Mrs. Babcock was president of that non-profit foundation to mend the historical features of the building, which the legislature had shown reluctance to do. Over three legislative sessions and closure of the building, Cheryl organized several large-scale events and fundraising mechanisms, assisted the board in its planning, and managed media coverage. In 1999, Governor Marc Racicot handed her a State Historic Preservation Office Special Award for the Foundation’s role.

Cheryl retired from a rewarding public service career in 2000 after her mother, Charlotte Hutchinson of Great Falls, and her significant other, Dr. Henry McClernan of Butte, both died within months of each other. She took up full-time residence on her family's beloved Hardy Creek property between Cascade and Craig.

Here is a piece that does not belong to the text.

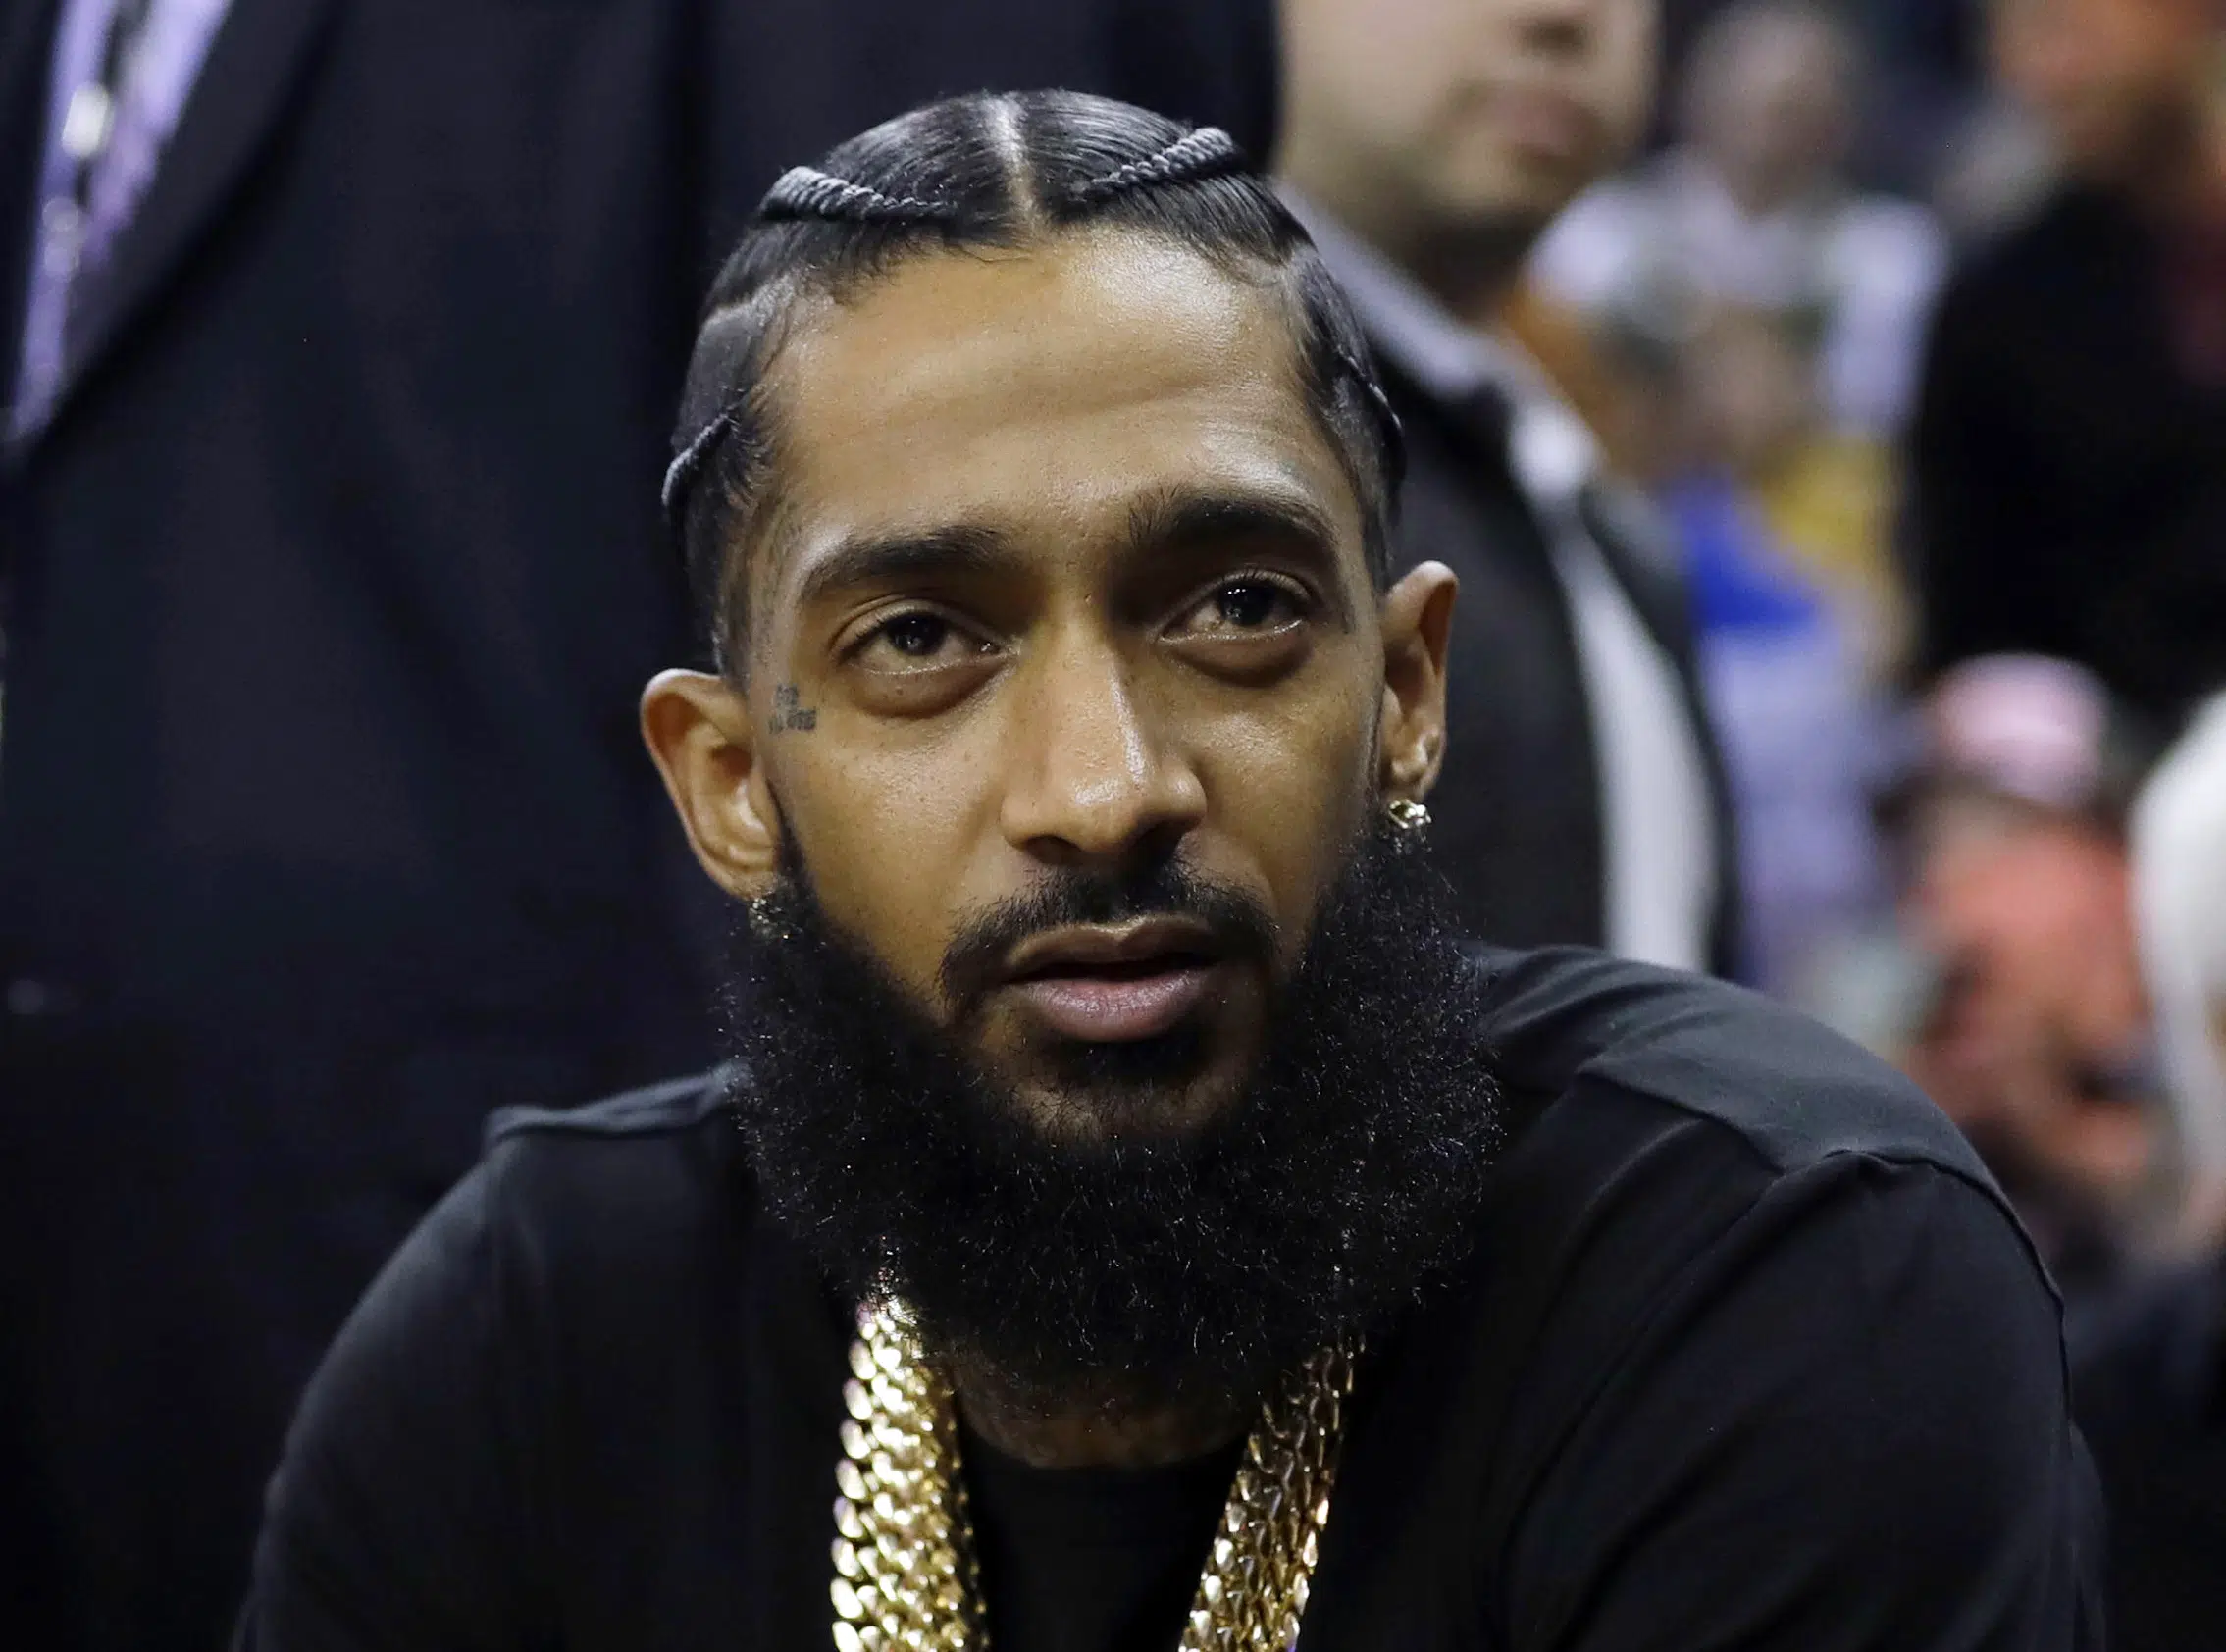 The murderer of Nipsey Hussle was sentenced to life in prison for 60 years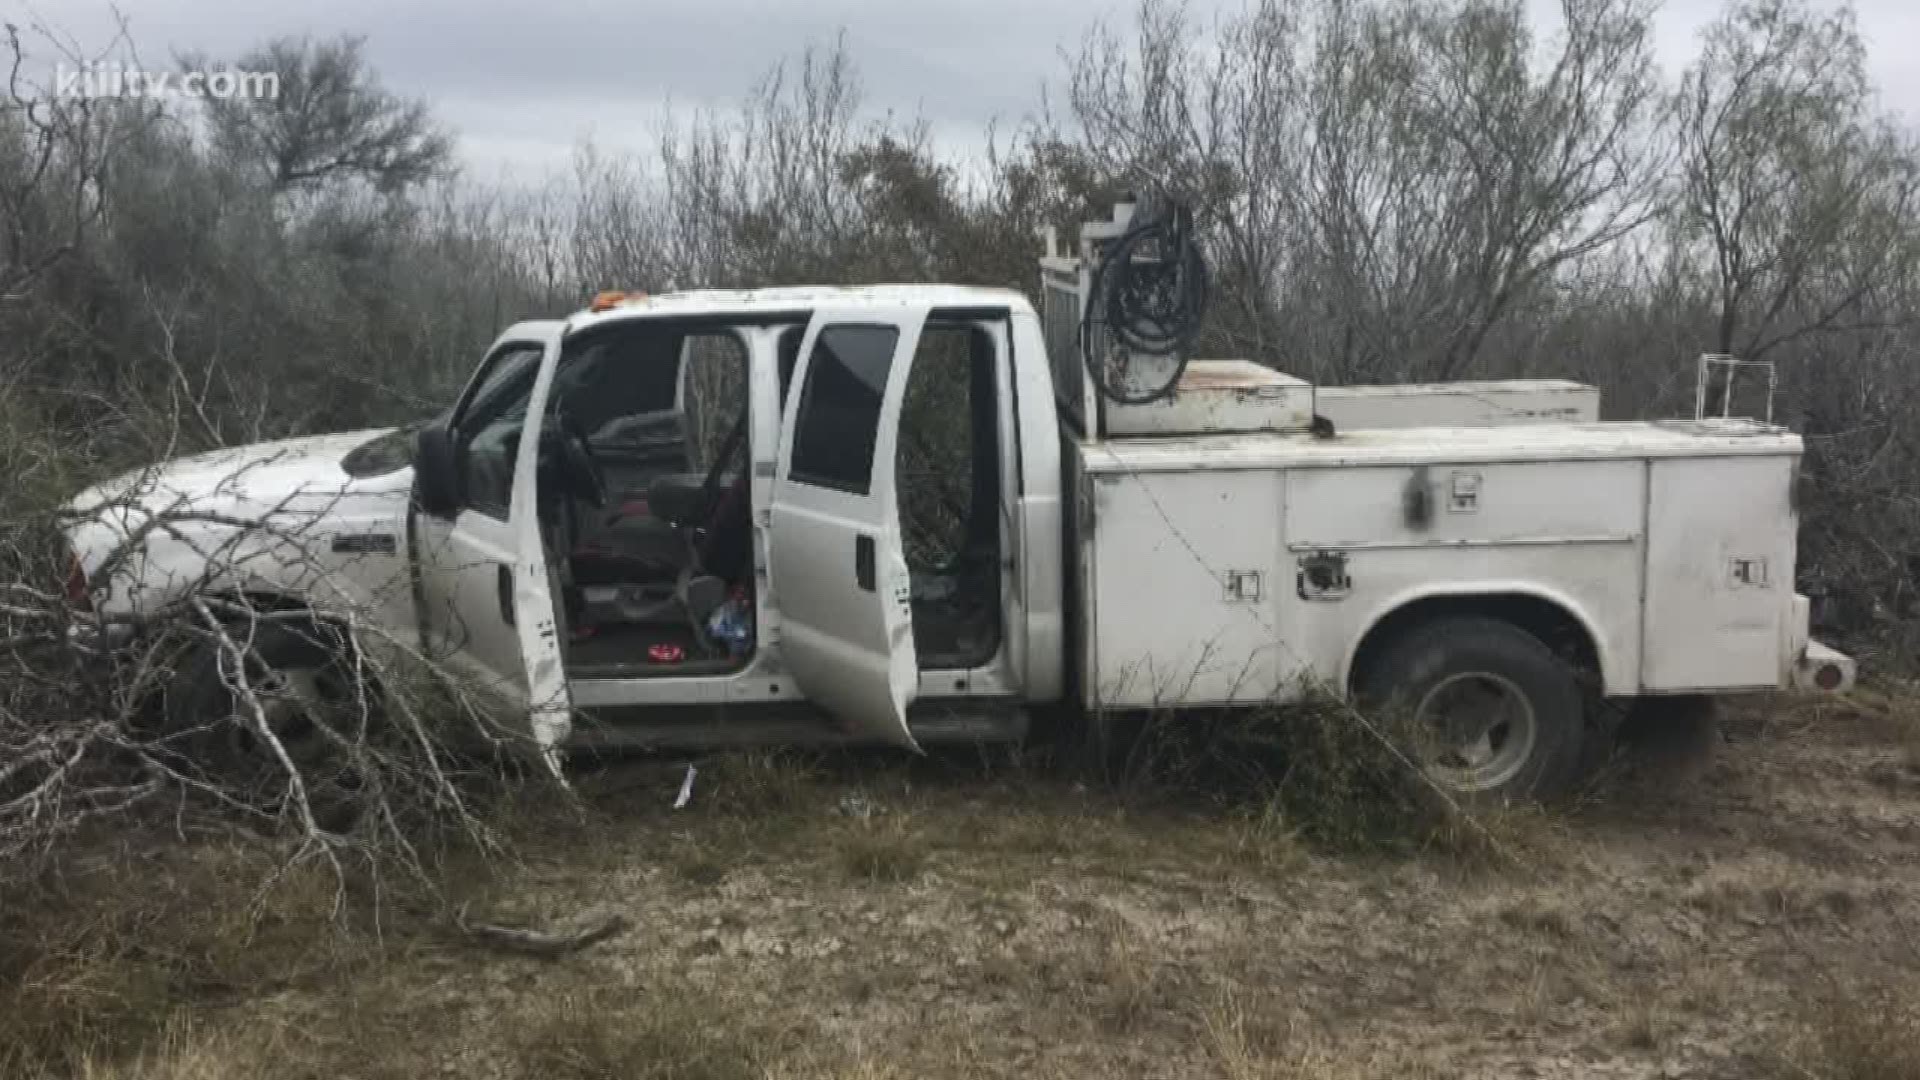 It happened Thanksgiving morning on State Highway 44 near Freer. The men tried to get away and drove through a fence at a ranch in rural Duval County.

Throughout her career, Cheryl seldom succeeded someone in a specific position; almost always it was circumstances and timely needs that were addressed. She also chose never to marry or bear children, liking her lifestyle just the way it was. Still mourning the death of her mother and Henry, she left her most lasting legacy; she rescued what would become a site on the National Register of Historic Places from public auction as state surplus property.

A mile-long spectacularly angular natural rock “sculpture” had been a spiritual symbol within view of her family’s Hardy Creek property every season since they acquired it in 1972. Unbeknownst to the Hutchinson’s was that Meriwether Lewis named it Tower Rock and also Pine Island Rapids in the Missouri River below it in July of 1805. It took five years wrangling with the Montana Department of Transportation—first convicting one director not to sell it inadvertently and then the next not to do so on purpose—before Tower Rock was supposedly safe for public access as a state park. It was “the point where the Missouri River first enters

the Rocky Mountains,” according to Capt. Lewis. From the Hutchinson residence, in fact, It is only 30 miles “as the crow flies” to the Continental Divide.

In retirement on Hardy Creek, Cheryl served for three years as a Co-President of the Dearborn Garden Club and as Vice President of Joe’s Trail Board of Directors. She helped initiate the updating of Mountains and Meadows, covering local history in the Cascade vicinity. She was a charter member and elected president of the Reaching The Rockies Chapter of the Lewis and Clark National Heritage Trail Foundation.

A 43-year running streak of revisiting Glacier was interrupted only in 2015 when she suffered from hydrocephalus which caused a broken hip and brain surgery for a shunt, then in 2016 she had an unrelated stroke that caused her left limbs to go lame. Cheryl considered herself blessed, thankful that her mental faculties were not affected; she feared she would simply succumb from a severe case of Trumpitis.

Cheryl loved camping and cooking, big band and jazz music, piano bars and dancing, gardening and floating the Missouri on the USS MOM, ethnic foods and the mere idea of belonging to the Sisters of Perpetual Indulgence. Cheryl will be greatly missed by her friends and the State of Montana that she served so well. Cheryl suggested any donations in her memory be directed to the Montana Free Press.